> _Activity_
Return each line of the listing exactly, though without its images.

> _Material provided_
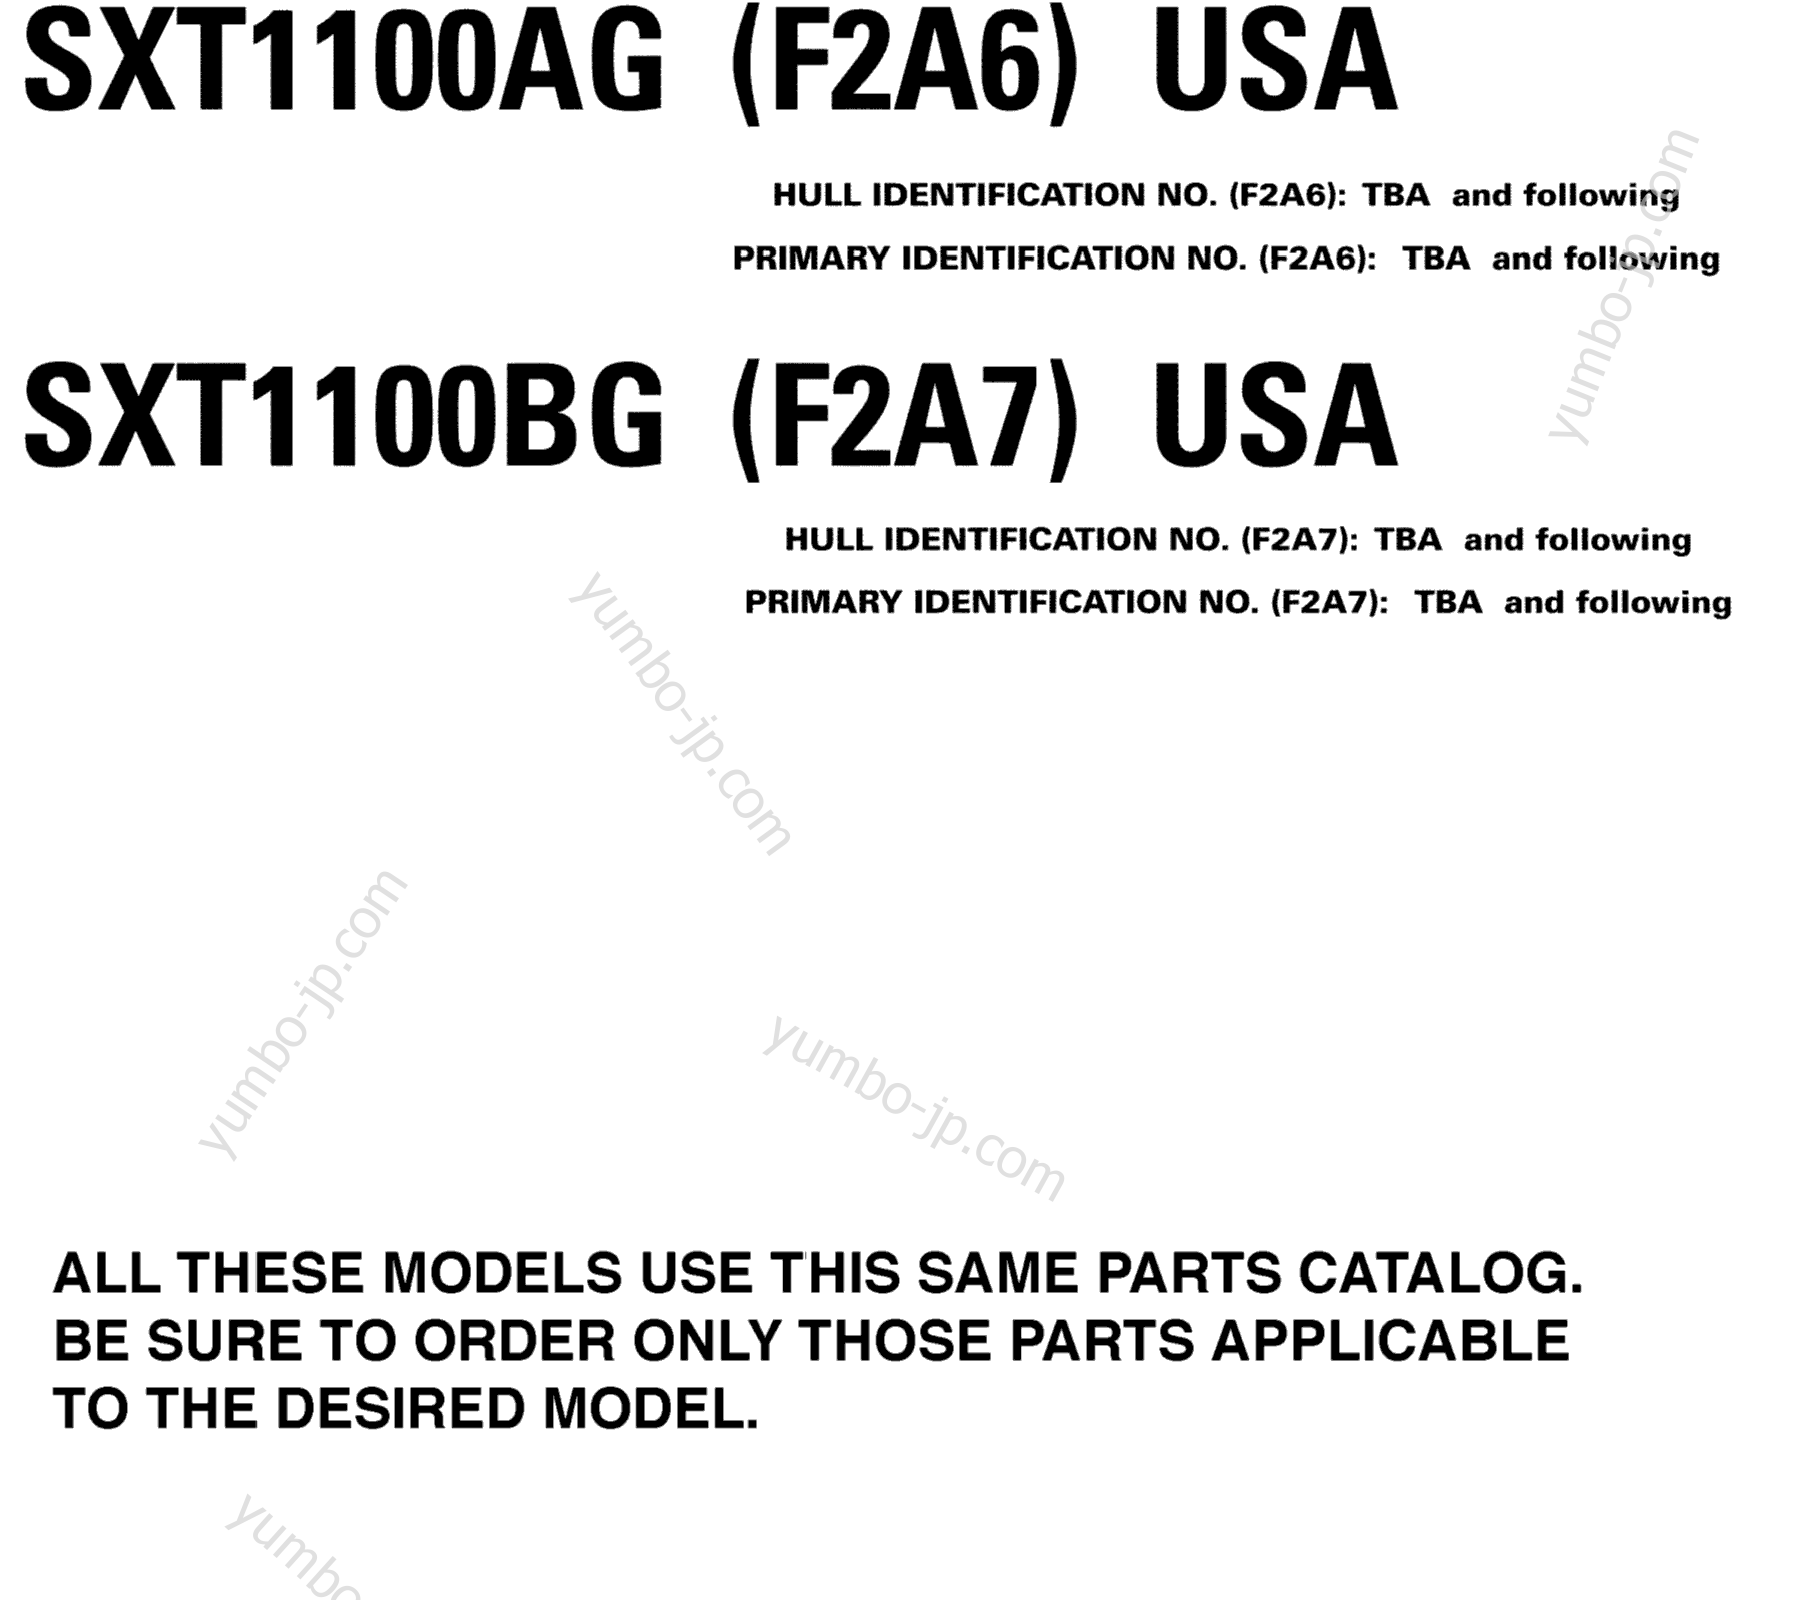 Models In This Catalog for boats YAMAHA AR230 HIGH OUTPUT (SXT1100BG) 2008 year
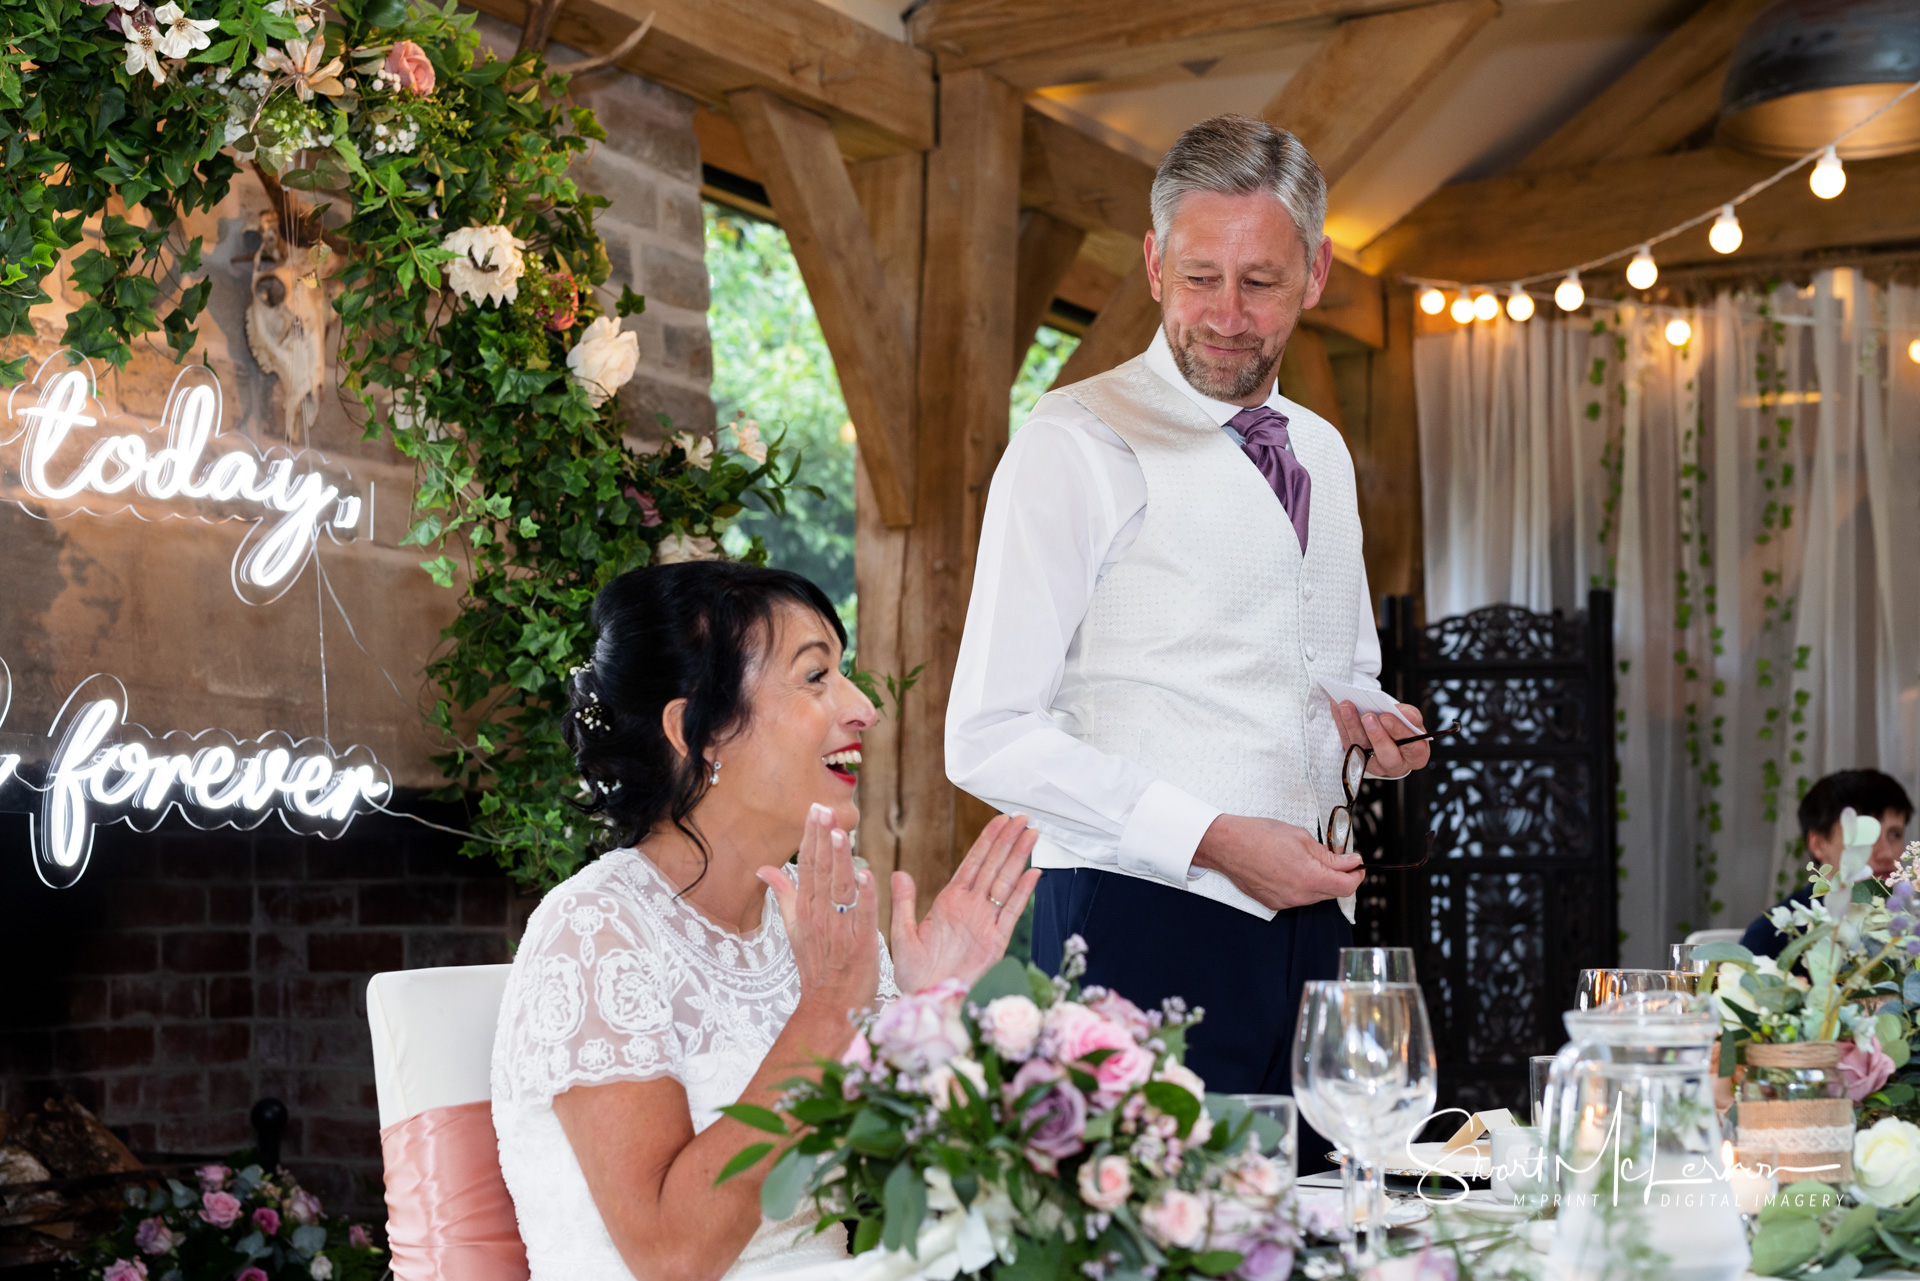 A loving moment during the wedding speech at The White Hart Inn at Lydgate
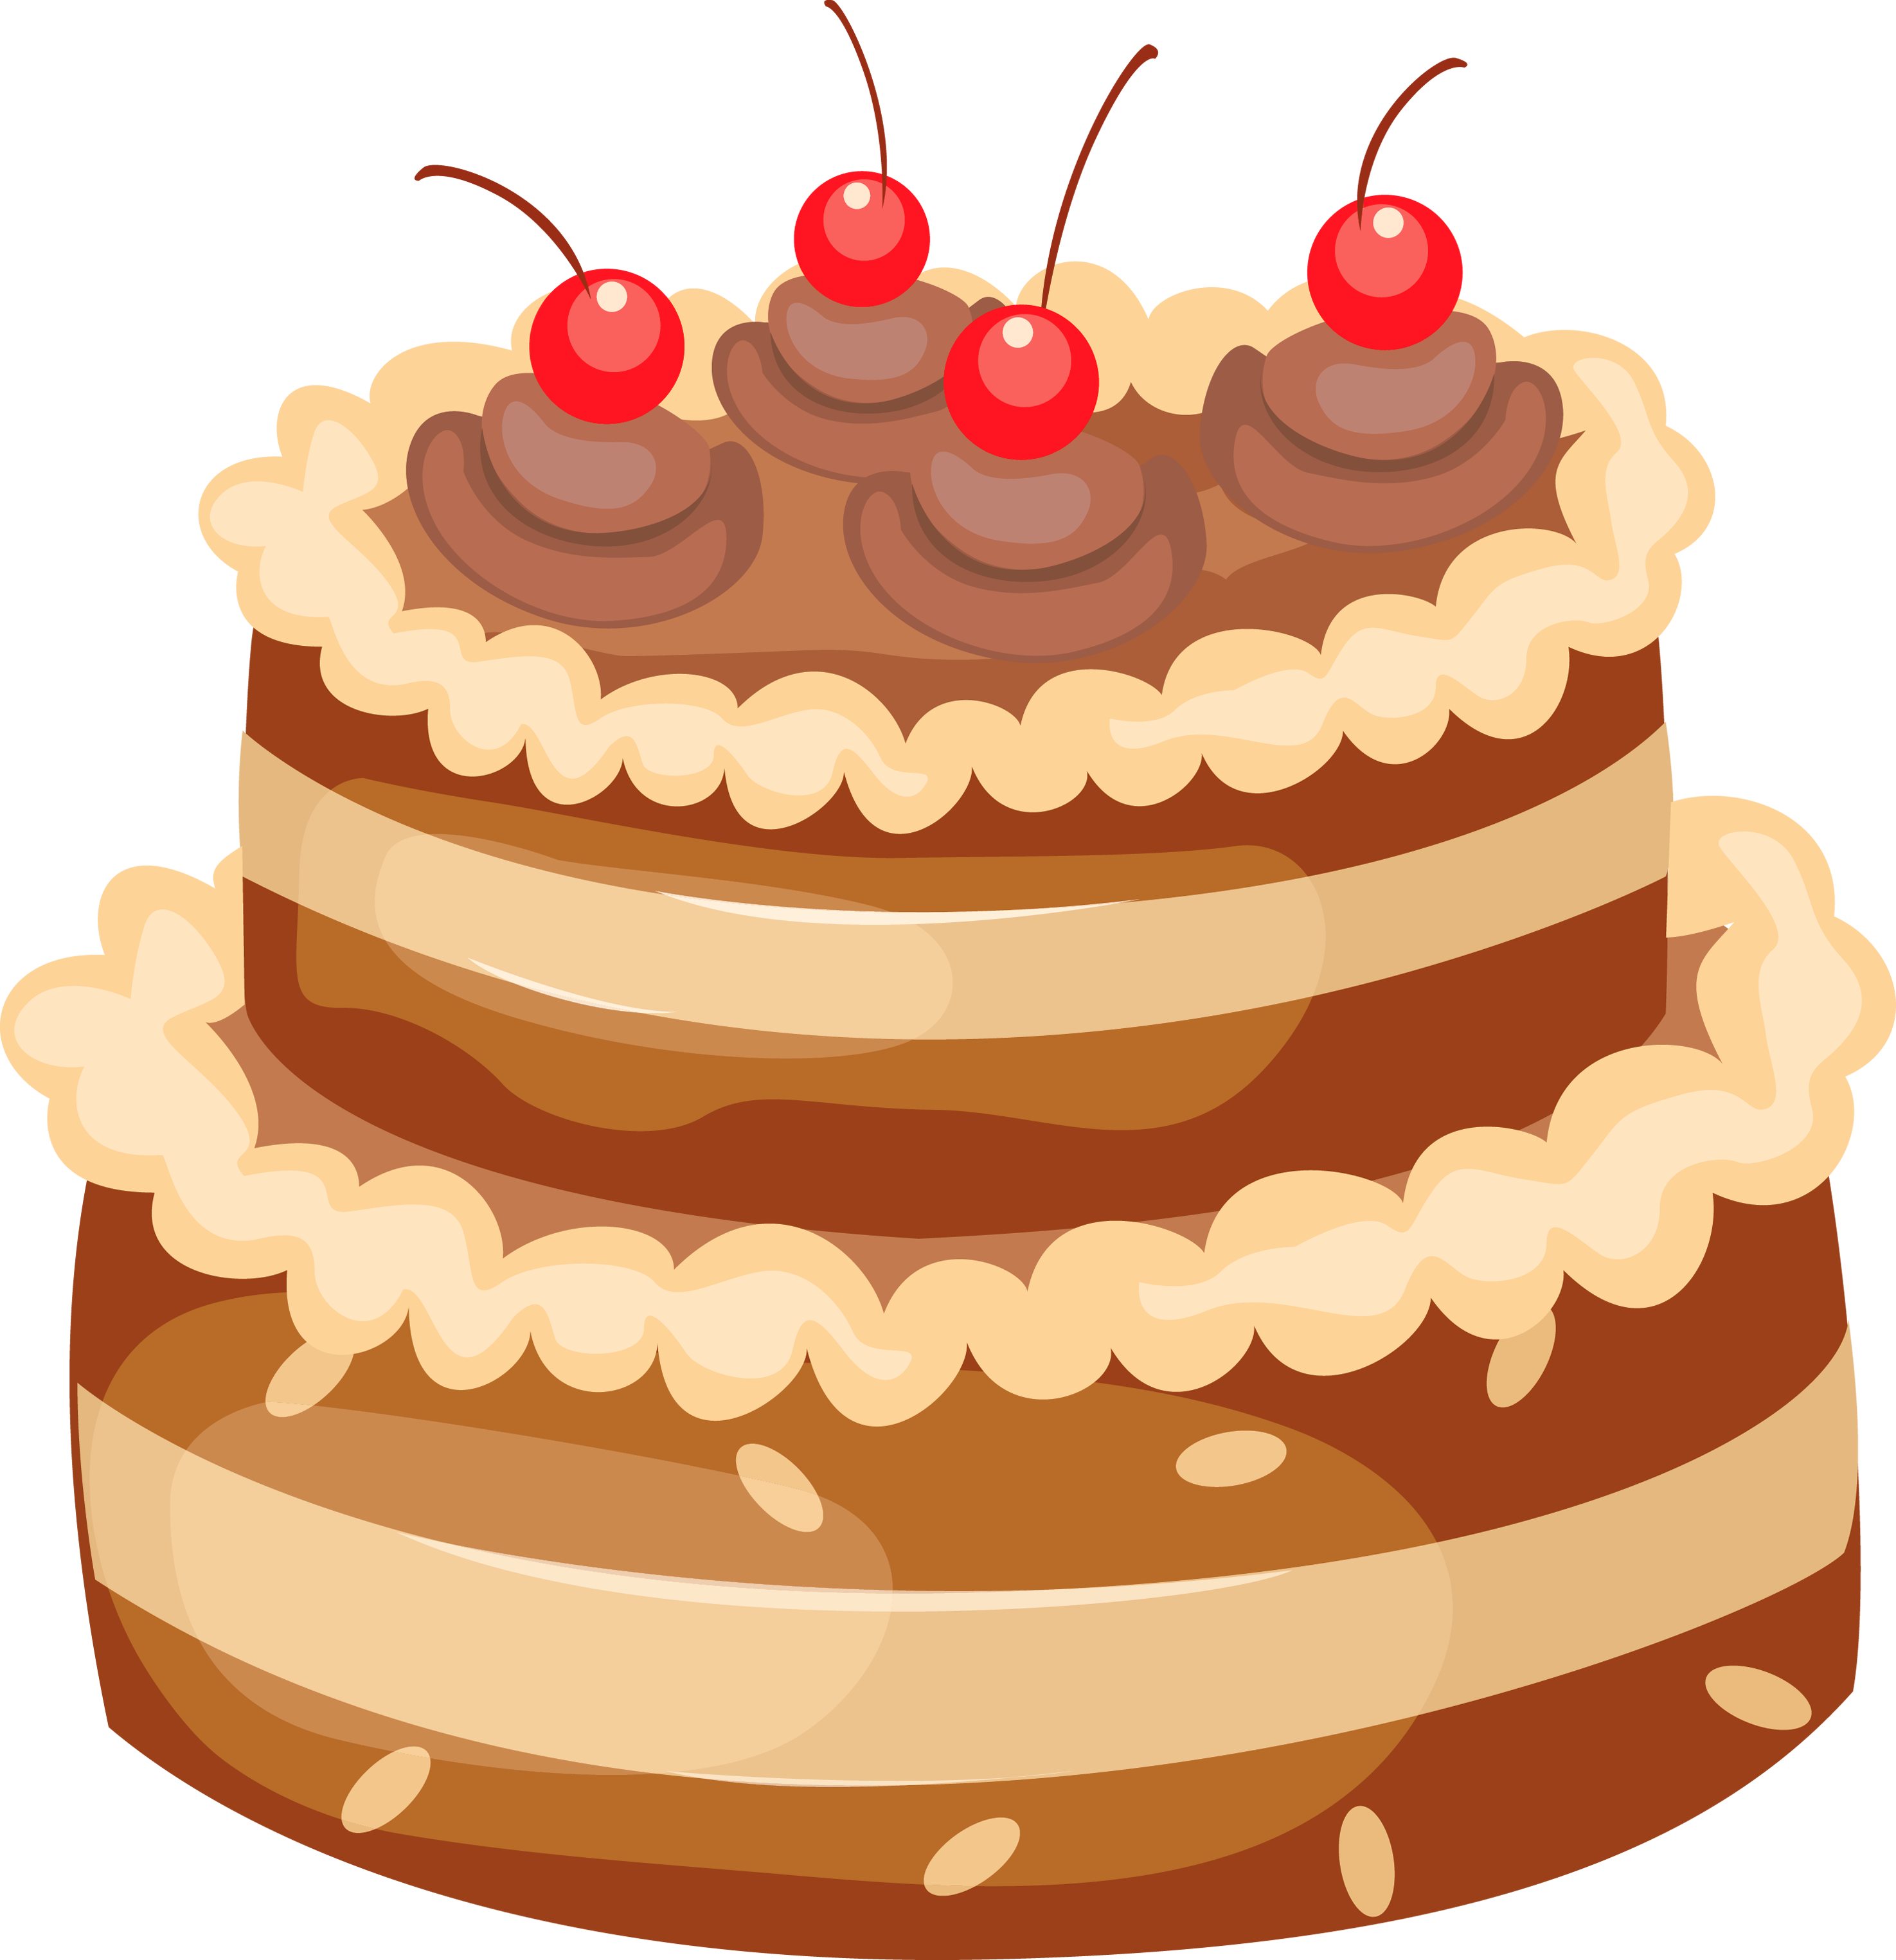 Chocolate Cake Clipart | Clipart Panda - Free Clipart Images

> _Response to this task_
 Models In This Catalog for boats YAMAHA AR230 HIGH OUTPUT (SXT1100BG) 2008 year
 A loving moment during the wedding speech at The White Hart Inn at Lydgate
 Chocolate Cake Clipart | Clipart Panda - Free Clipart Images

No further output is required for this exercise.